Sony DEV-5 3D Recording Binoculars

The Sony DEV-5 uses two 1/4in Exmor R CMOS sensors to create a set of 3D recording binoculars that let you photograph or video outdoors in environments not suited to a camcorder or camera. The DEV-5 is of obvious interest to those with an interest in wildlife video and photography, but would also suit those wanting to record and enjoy sports events or other outdoor occasions. We used the DEV-5 in a torrential downpour and it suffered no ill effect, although we did have to wipe the lenses every so often. The lenses are partially protected by a plastic surround, but this only protects it from rain and snow so much.

A plastic lens cover protects the lenses when the DEV-5's not in use, but it isn't detachable. This means you can't lose the lens cover, but it also means it gets in the way occasionally. Unsurprisingly, given the amount of technology crammed into it, the DEV-5 is not small, measuring 88x155x219mm (HxWxD). It also weighs 1.2Kg, which is more than twice the weight of the Sony TD20VE 3D
camcorder. Surprisingly, the DEV-5 only feels heavy when it's hanging around your neck, but this is probably due to the unit being very well balanced in use. But it felt light when held up to eyes. We expected it to be front heavy and to have to compensate for this, but it wasn't. You must set up the DEV-5 for your eyes before use, but the DEV-5's controls and the viewfinder's menu make this easy. The DEV-5 uses a 3D electronic viewfinder, although it can operate in 2D if you prefer (there's a button on the DEV-5's top panel). To set it up foryour eyes, you must physically adjust the position of the diopters (the eyepieces) using a wheel located in between and above them.

Once adjusted, you must also complete a simple visual alignment test through the viewfinder. Each diopter also has a ring that lets you adjust the viewfinder's focus to suit your eyes. We had no problem
adjusting it to suit our longsighted eyes. Understandably, the DEV-5 doesn't have a touchscreen monitor.
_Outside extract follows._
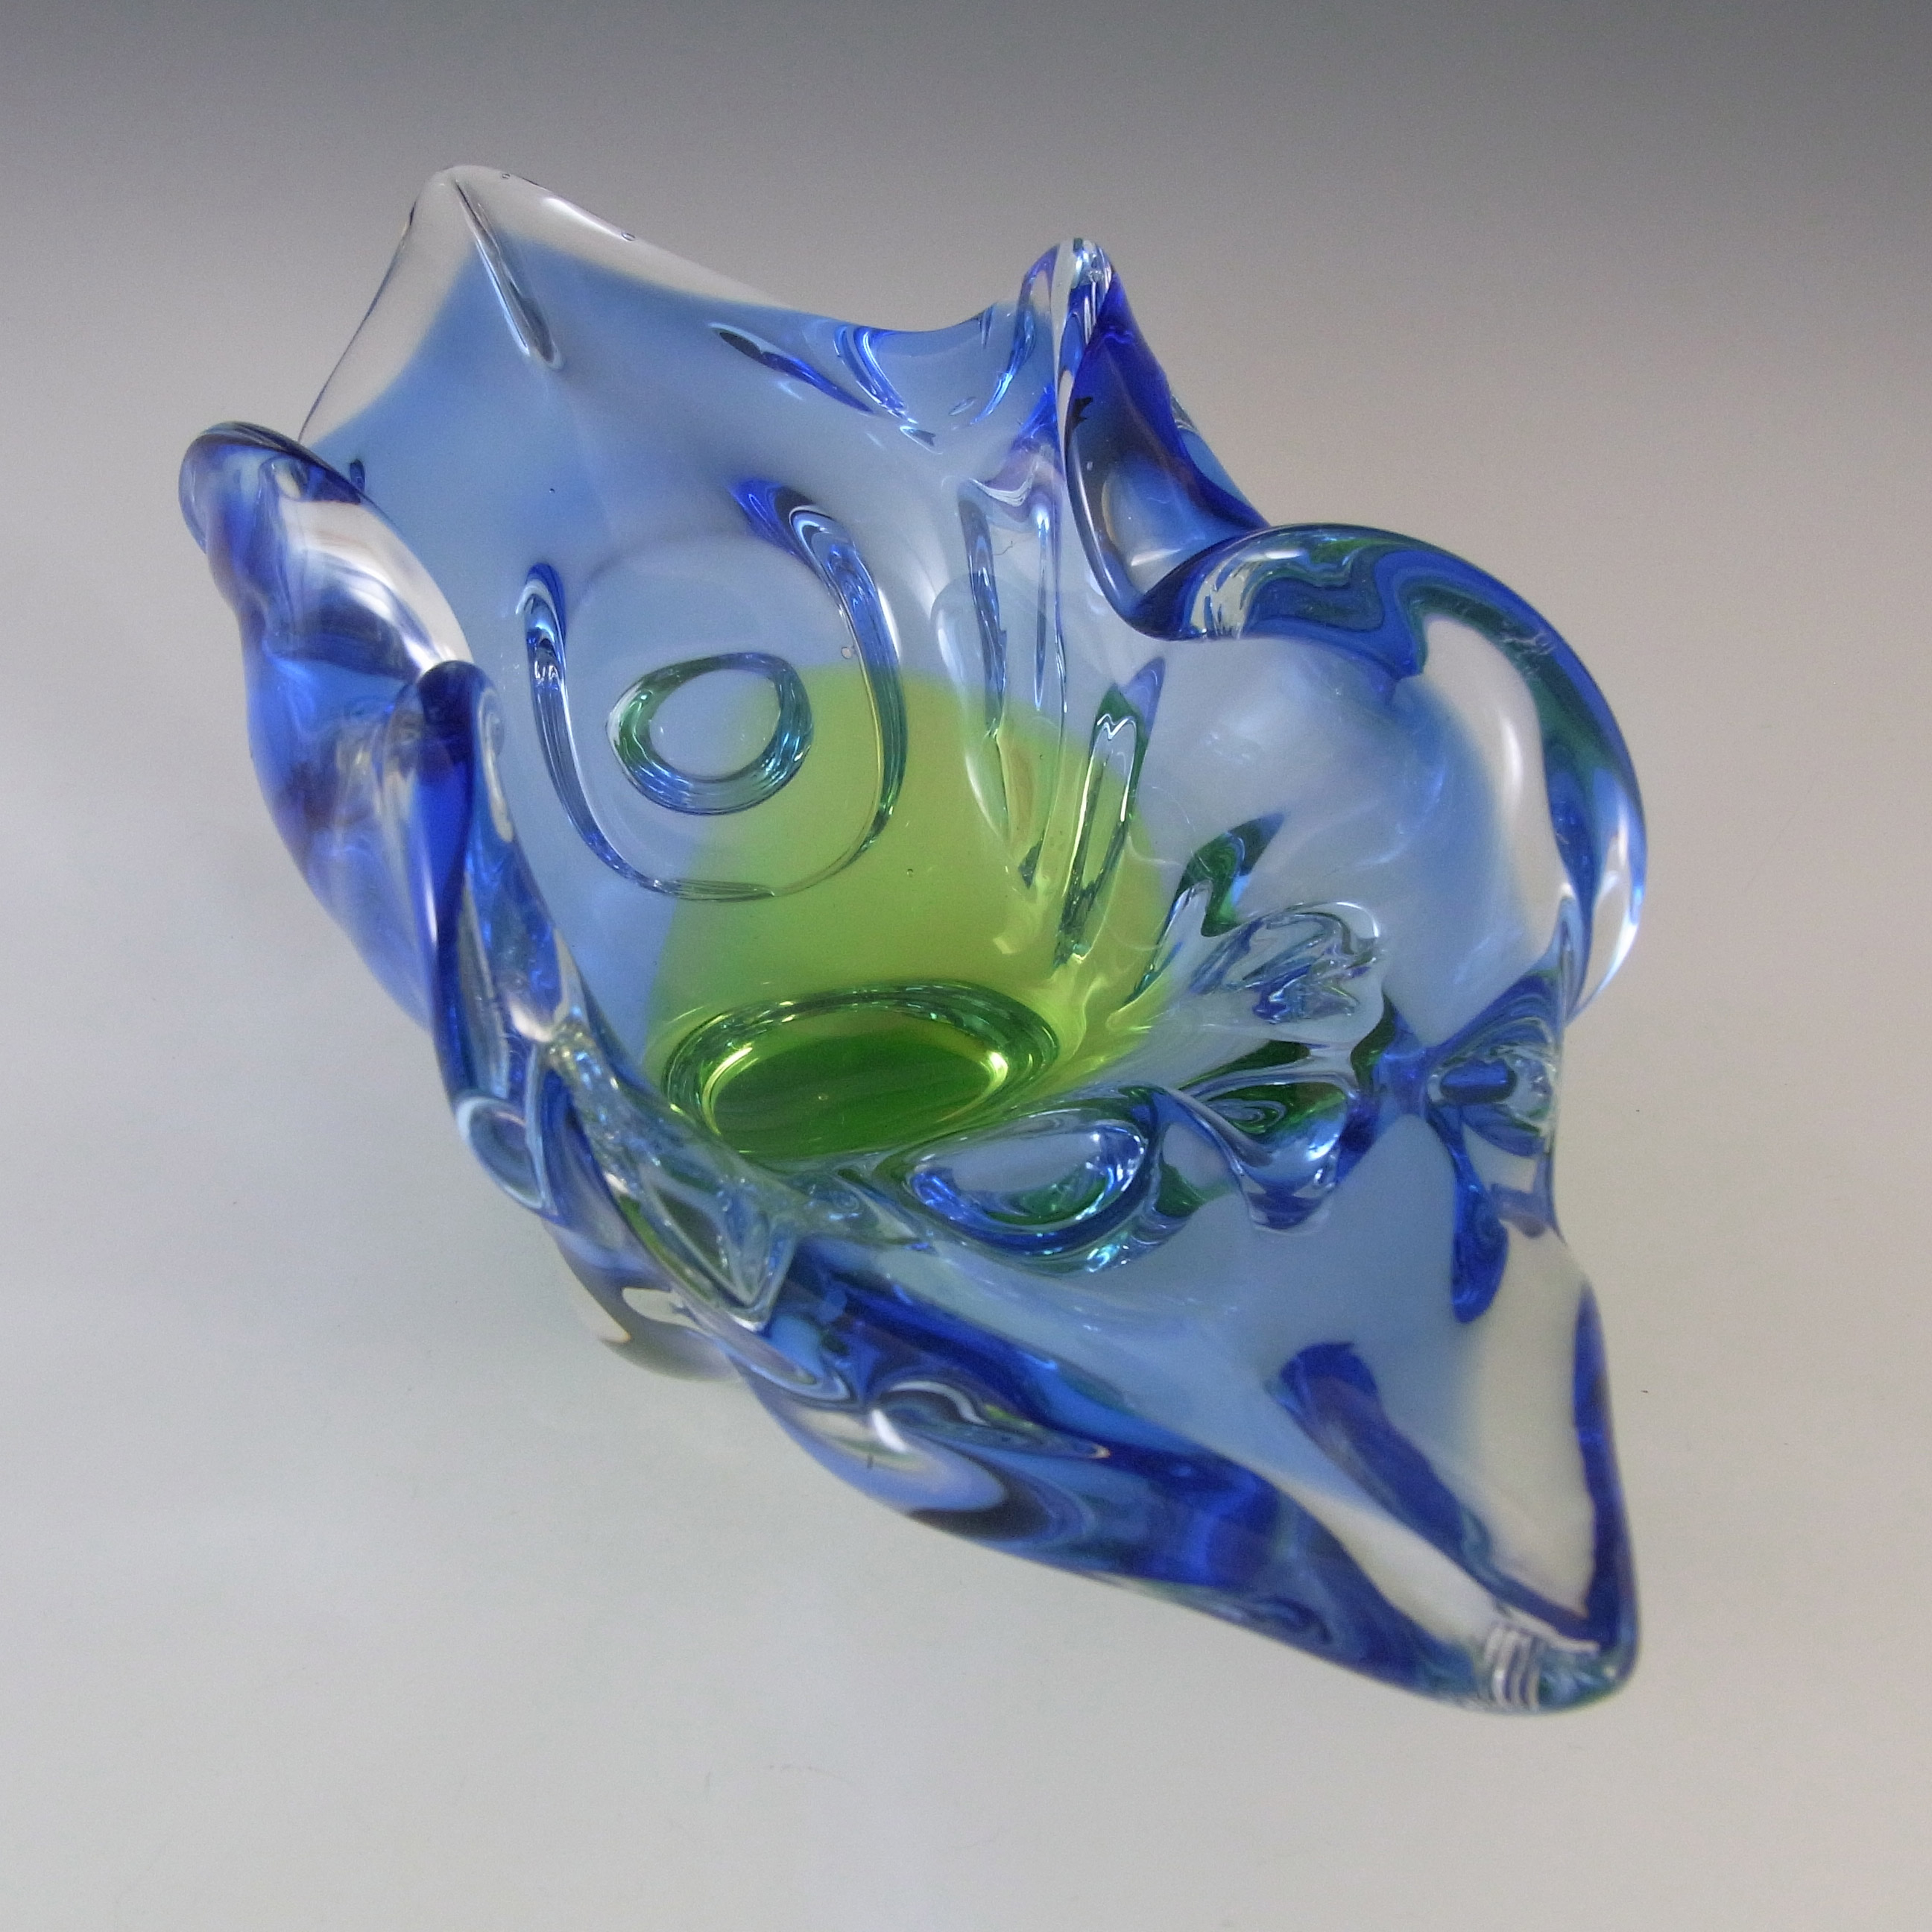 Chřibská Mid Century Czech Blue & Green Glass Bowl - Click Image to Close

Instead, you must use the viewfinder to view and alter all settings, which is no bad thing because it's excellent. The menu is the same as that found on Sony's other high-end camcorders such as the CX730E and the TD20VE. Everything appears huge and is easily visible. Sure, you can see some jagged edges on various icons if you look closely enough, but the menu is of such a high resolution that you won't notice the jaggies in normal use. The directional menu buttons on the DEV-5's top panel make navigating the menu simple and natural, with your digits naturally
falling upon them.

The top panel also has buttons to switch between photo and video modes, and to switch the viewfinder between 2D and 3D. Conveniently, the DEV-5 also has a push-button wheel in between and just below the diotpers to which you can assign a specific function such as focus, 3D depth and shutter speed. You can easily select the setting you want to control at any time by pushing a button at the centre of the wheel and choosing a setting from the drop-down menu. The wheel is quick and simple to use and configure. Perhaps the most obvious top-panel control is the chunky zoom lever, which lets you zoom in 10x when set to optical zoom only and 20x when set to digital in 2D mode. You're restricted to 5.4x when shooting in 3D. The zoom lever lets you execute an incredibly smooth or very quick zoom, giving you complete control. You can shoot 1080/50p Full HD video in 2D or
1080/50i Full HD video in 3D mode.

We were impressed by the colour reproduction of the DEV-5, and the high level of detail captured, but it was prone to very noticeable noise when shooting indoors or in low light. Outdoor footage looked great,but not quite as crisp or natural as that captured by the Sony CX730E. Sadly, the DEV-5 also displayed a tremendous amount of noise outside of the optical zoom range. The low optical zoom range of the DEV-5 is disappointing for a set of binoculars, and you often have no choice but to use the digital zoom.

This isn't ideal. One thing we must mention is the excellent Steadycam optical image stabilization technology used in the DEV-5. We've been impressed by it before, but it becomes indispensable in the context of recording binoculars where you're moving frequently to track your subject, often at a high zoom setting. One feature that's conspicuous by its absence is Nightshot, Sony's night vision technology. This feature's present on the much cheaper Sony CX730E, so we don't understand why it isn't a feature of the much more expensive Sony DEV-5. This feature would be fantastic for tracking and spotting nocturnal animals. Given the low 2 hours and 57 minute battery life provided by its standard battery, you'll need to take some spare batteries with you. The Sony DEV-5 is a niche product and its price makes that niche even smaller, but the binocular casing makes the shooting of animals and sports events feel more natural.

The durable and water resistant casing of the DEV-5 also makes it appropriate for use in outdoor environments where a regular camcorder would be unsuitable or prone to damage. If you can live with its narrow optical zoom range and its weight, the DEV-5 could be the perfect camcorder for your outdoor existence.